The obvious comparison to Fresh Off the Boat is or isn't there. The two shows are on the same network. They're both sitcoms. They're both about families and working parents. They're both predominantly Asian in the cast. Whereas Fresh Off the Boat leans more toward Malcolm in the Middle, this show leans more toward The Mindy Project. It stars Ken Jeong (Community) as a doctor who juggles his abrasive personality at work with his neuroses at home.

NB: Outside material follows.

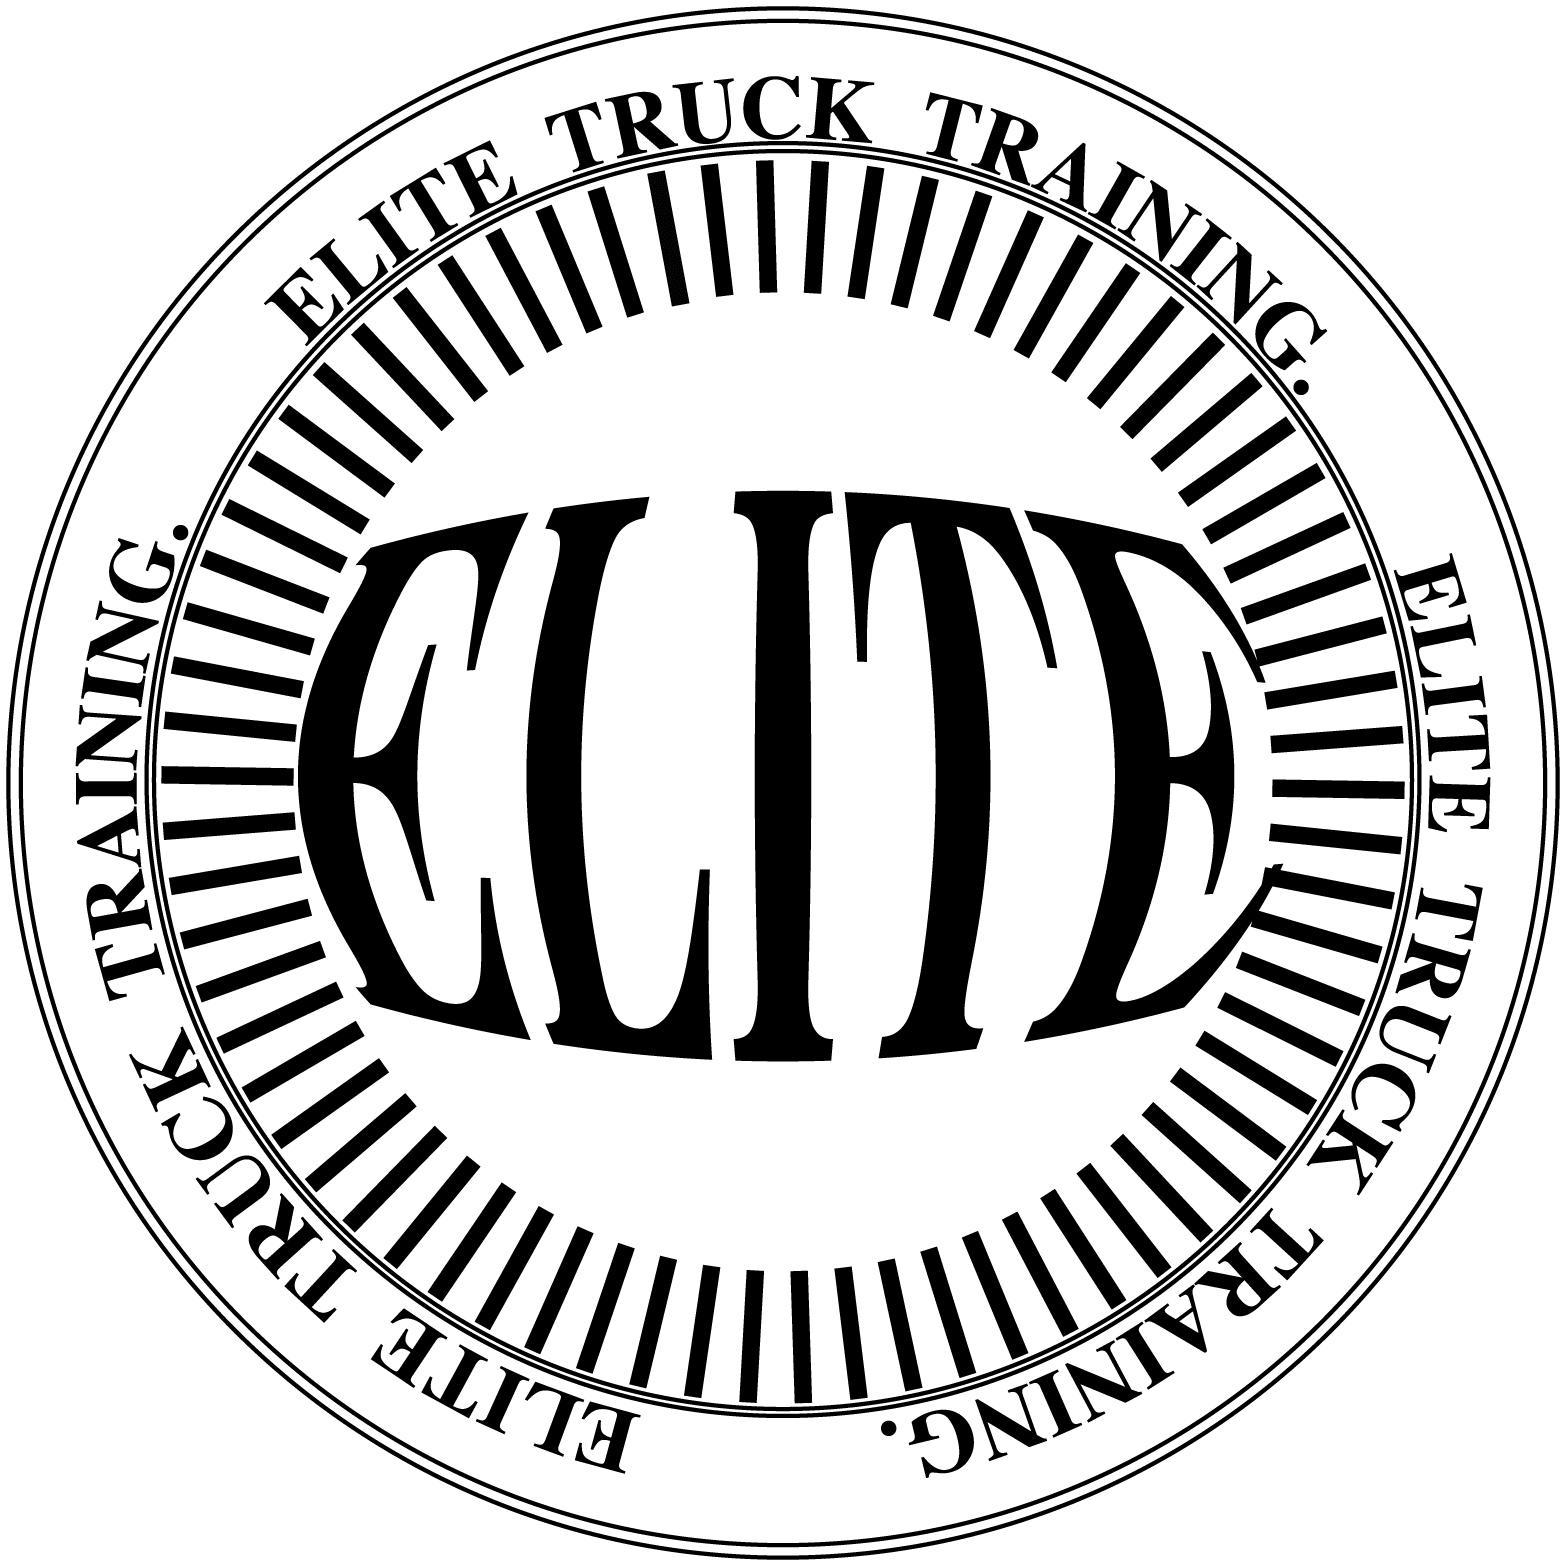 Elite Truck Training Ltd - London, London E4 9JG - 08000 232275 | ShowMeLocal.com

Written by Jared Stern, Ken Jeong and Mike O'Connell with co-creator John Fox, the show feels like a carbon copy of Cristela, the sitcom that this show essentially replaced on Friday nights. It's the typical, multi-camera setup where Jeong is usually at the center being annoyed by his patients or being slightly frustrated by his family.

The pilot episode is a bit of a light-weight, easing into the characters and the dynamics. The comedy is rather tame. The only true funny moment is when Jeong's character Dr. Ken Park admits to his wife that he's having an affair in order to cover up that he's actually stalking his daughter with a smart phone app. It was delivered very well by Jeong who could be a good anchor here if he's given good material.

Suzy Nakamura also needs to be given good material. Right now, she's just the wife. She's not her own person, worthy of watching independent of her husband, unlike Constance Wu in Fresh Off the Boat. I don't need Nakamura to be the Tiger Mom that is Wu's character, but it would be nice to have her be something distinguishable.

Albert Tsai plays Ken's prepubescent son Dave. Tsai had a guest role on Fresh Off the Boat last season. His brief appearance there gave him better material as well. He's given a funny thing to do in the pilot, but it feels like such an after-thought. The real focus is on Krista Marie Yu who plays Ken's teenage daughter Molly. She's pretty much a stereotype but revealed to have a little more to her.

At Ken's place of work, the Welltopia Medical Group, there are supporting actors, which seem like stereotypes too as opposed to being distinguishable or fully-formed characters. This is fine. Most shows even Fresh Off the Boat does the same.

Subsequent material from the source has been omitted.